Forfaiture avec le décès du Capitaine Tataw

L’ancien capitaine des Lions Indomptables du Cameroun a rendu l’âme dans l’anonymat, à son domicile car étant dans l’incapacité de se rendre à l’hôpital. Par ailleurs, ses proches de racontent qu’il était très fâché contre les dirigeants de la Fédération camerounaise de football. « Le Capitaine Tataw ne vivait pas bien et c’est arrivé au point où il se déplaçait en moto taxi au vu et au su de tous. Sa voiture est restée en panne à la Fécafoot pendant des années et au lieu de l’aider à la réparer, les gens du foot ont plutôt préféré la lui acheter », déplorait Mabouang Kessack.

Manipulation de la Ligue de football professionnel du Cameroun

Entre la Fédération camerounaise de football et la Ligue de football professionnel du Cameroun, le torchon brûle. Ainsi, sur la base de l’article 14 alinéa 1a des statuts de la Fécafoot et de l’article 2 des statuts de la Lfpc (consacrant les obligations et la subordination de la Lfpc à la Fécafoot), il avait été décidé au cours desdits travaux de la suspension avec effet immédiat de la Lfpc. La Ligue a réagi par voie de communiqué. Une réaction signée par son président, le général Pierre Semengue, membre statutaire du Comité exécutif de la Fécafoot, s’étonnant de ne pas avoir été convoqué à cette réunion. Invitant l’ensemble du personnel de la Ligue au calme et à la poursuite sereine des activités préparatoires à la prochaine saison sportive, le président de la Ligue voit en cette suspension des représailles faisant suite à la saisine par la Ligue, des juridictions compétentes afin de contester les résolutions de l’assemblée générale de la Fécafoot du 26 juillet dernier. La Ligue mettant en avant les articles 23 et 30 de ses statuts donnant compétence à son assemblée générale de modifier ses statuts. Dans ledit communiqué, en se basant à l’article 4.1 des statuts de la Fifa, la Ligue s’érige contre la mesure inscrite dans ses textes, laquelle fixe l’âge limite de son président à 75 ans.
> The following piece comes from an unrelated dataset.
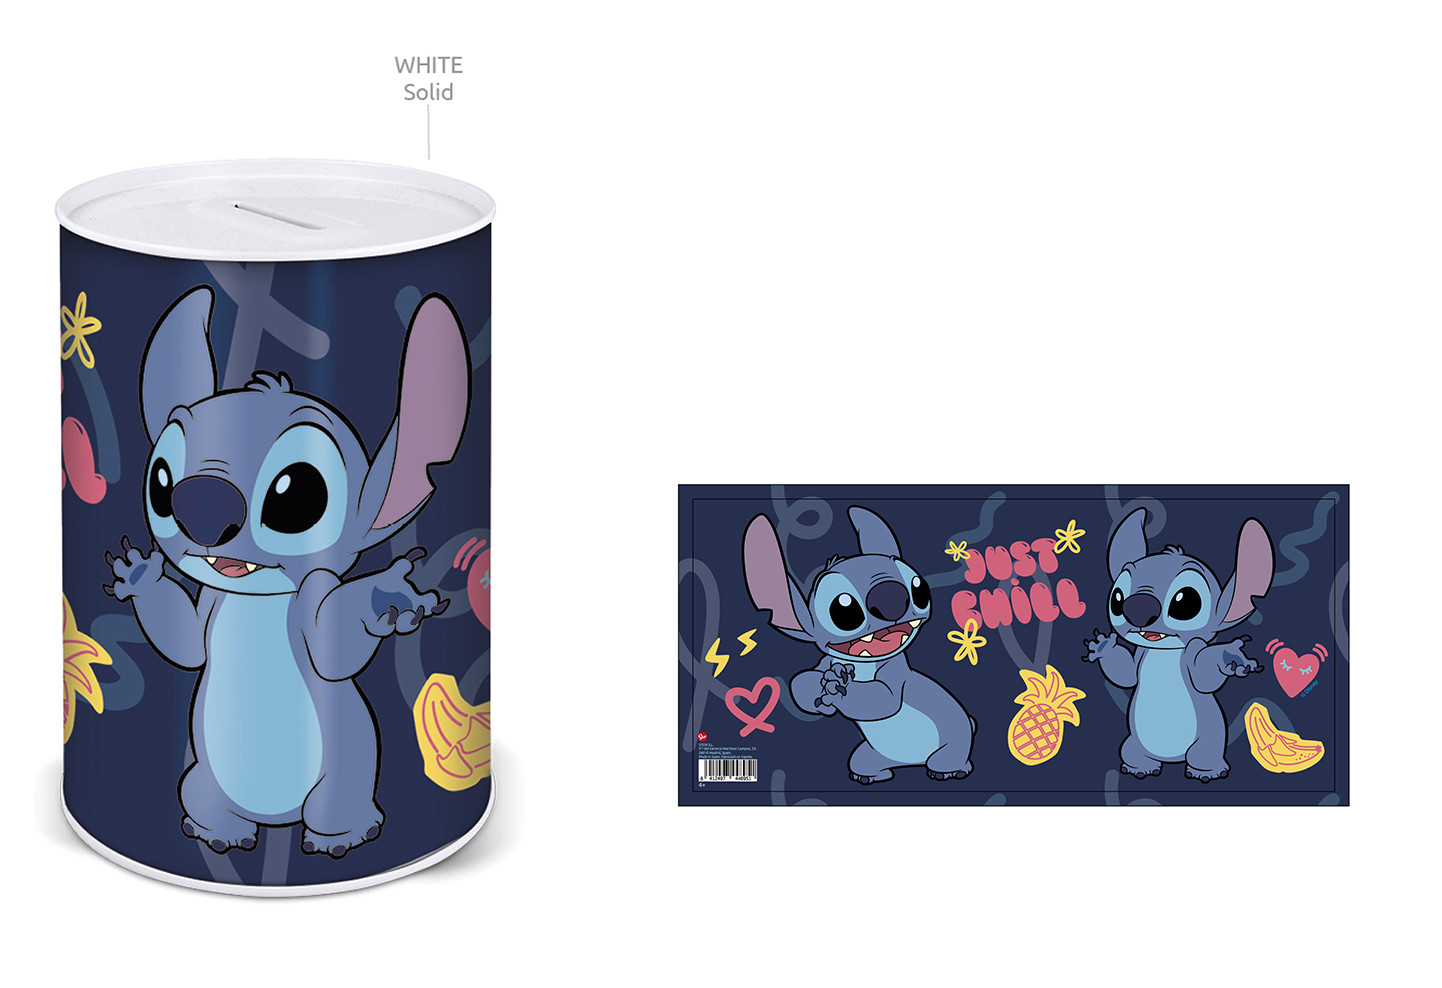 Ropa y accesorios para el cole inspirados en Lilo y Stitch de Disney

En outre, il y est signalé le défaut de paiement de la subvention de 410 millions de FCFA par saison sportive de l’actuel exécutif de la Fécafoot à la Ligue. En attendant les batailles devant les prétoires, la Lfpc sera l’unique point à l‘ordre du jour de la réunion du Comité exécutif programmée pour le 3 septembre prochain. Pour sa part, le Comité exécutif de la Fécafoot a fixé le démarrage des compétitions de la saison 2019 – 2020 pour la deuxième quinzaine du mois d’octobre.

Ainsi va l’émirat de tsinga dans sa salle besogne. Ce qui est certains, la justice camerounaise est assez avertie pour réagir efficacement contre ces tripatouillages. Pour ce qui est des anciennes gloires, il faut saluer la décision du chef de l’état qui a décidé d’offrir un logement à nos anciennes gloires. Bien que le défunt capitaine ne profite pas de ce geste présidentiel, l’état s’assurera certainement que sa famille en tire bénéfice.